STEVE FRANDZEL: We humans manage to foul up our precious water supply in countless ways. Fortunately, a few among us are determined to find better answers to this serious and growing problem. Like Tyler Radniecki, an assistant professor of environmental engineering. His entire career, in fact, has been about cleaning up dirty water, and that’s a pretty tall order.

TYLER RADNIECKI: Overall, our water supply in this country, it is deteriorating, the quality of that water. It’s getting worse over time. I can’t tell you if we’re in crisis mode or not, but it’s definitely going in the negative direction. Aquifers are being used up or they’re being contaminated. It’s becoming a bigger impact on the water that we do have.

FRANDZEL: That’s not a lot. Only two-and-a-half percent of the water on earth is fresh. Two thirds of that is locked in glaciers and snowfields, leaving a paltry 1.2 percent that’s easily accessible. And much of that is severely contaminated and undrinkable. So what can be done? Well, stick around and we’ll explore some unusual clean water technologies that’ll give you some reasons to be optimistic.

[MUSIC: The Ether Bunny, by Eyes Closed Audio, used with permission under a Creative Commons Attribution License]

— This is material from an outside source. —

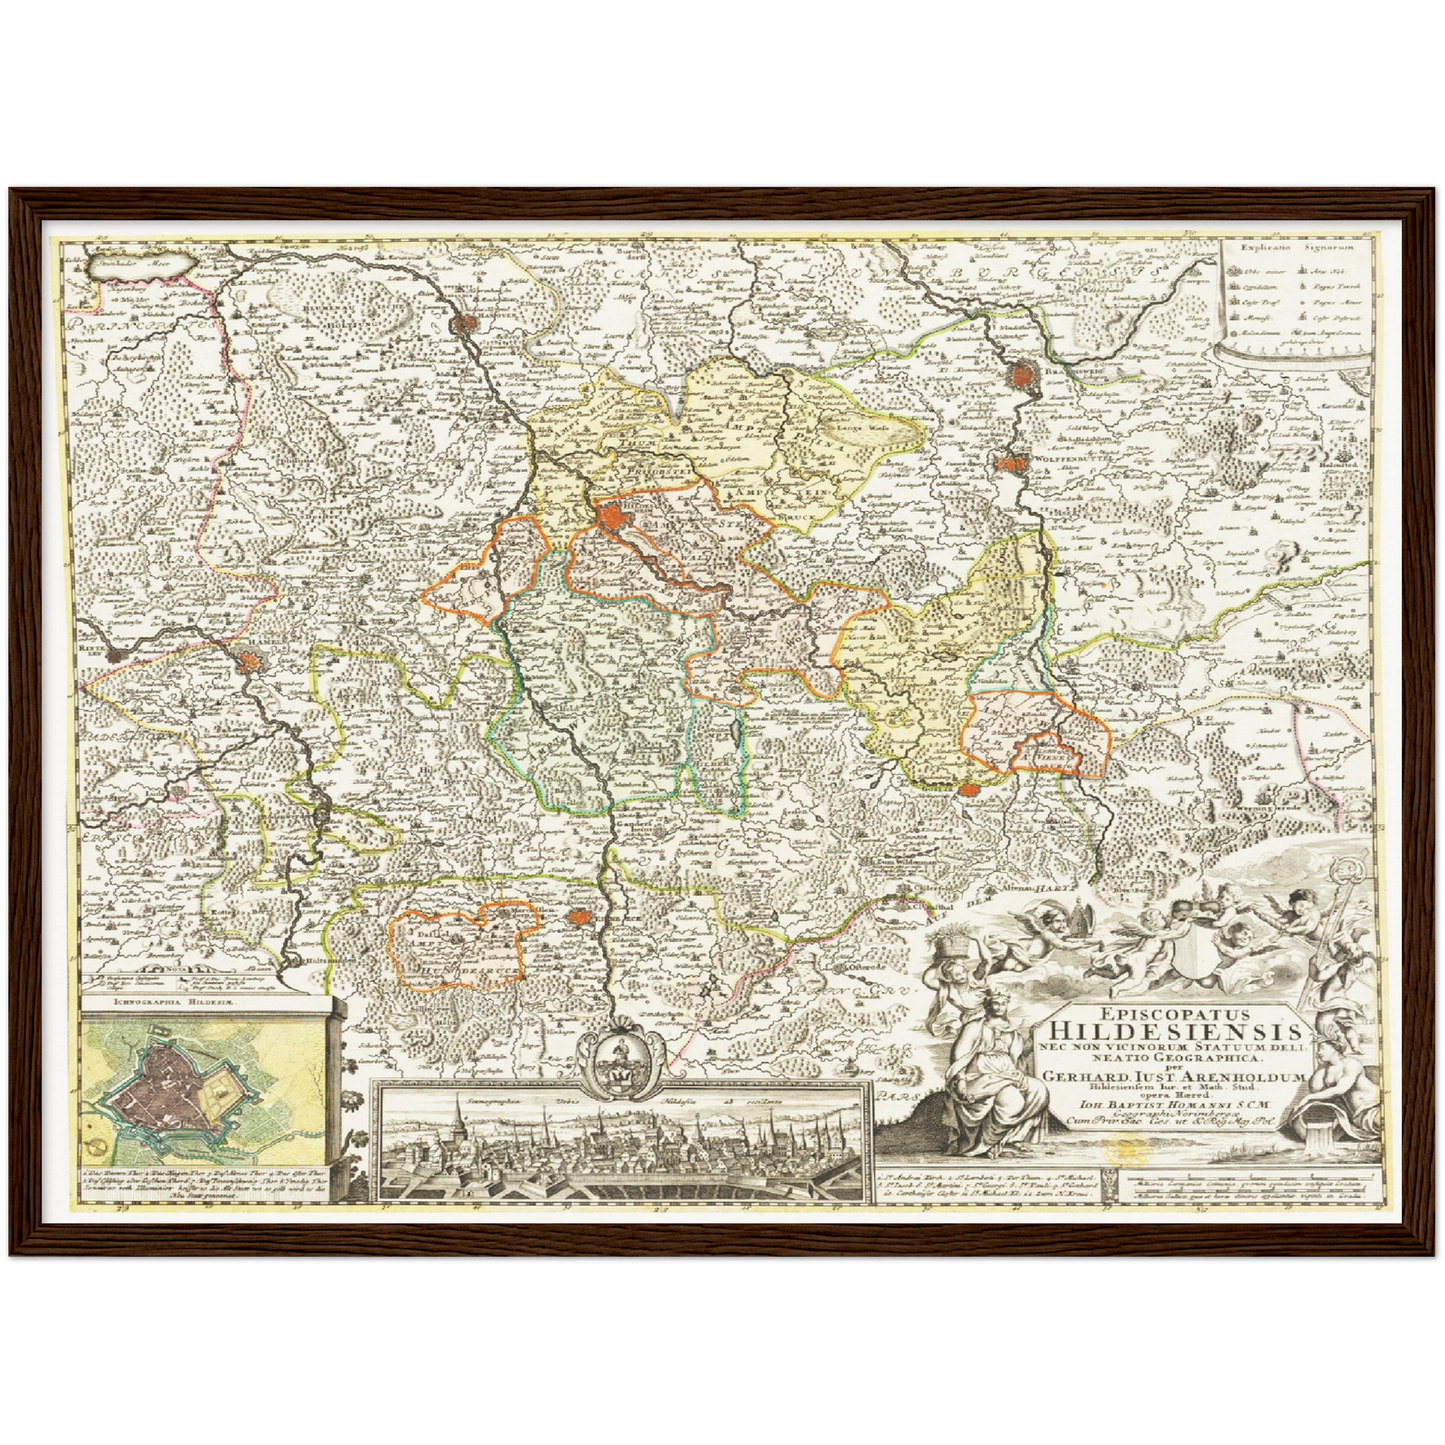 Historische Landkarte Hildesheim um 1730

FRANDZEL: From the College of Engineering at Oregon State University, this is Engineering Out Loud.

Dirty water comes in two flavors: Storm water runoff and wastewater. There’s a big difference, but both pose serious health and environmental risks.

RADNIECKI: Wastewater is what people think of as far as water going down the sink and the toilet of your house. Storm water, on the other hand, is when it rains, especially in cities and other areas with impervious materials, the water will hit the concrete, the roof, and it will pick up contaminants, and then it will flow over land either into a wastewater treatment plant or it goes straight into a river, and then eventually out to sea. This is an area that people have largely been ignoring as far as its impact on water quality.

[MUSIC: Harps Uplifting by Mortal Thing, used with permission of the artist]

FRANDZEL: We could go on and on about all the problems, but I think you get the picture. We’re here to talk about solutions, and Tyler has no shortage of ideas.

RADNIECKI: My research interests and goals revolve around sustainable wastewater and storm water treatment technologies. In particular, I’m interested in biological systems – so, systems that are using bacteria and plants to clean up both the wastewater and the storm water treatment systems so we can design improved treatment systems that are more reliable, that can do things faster using less energy.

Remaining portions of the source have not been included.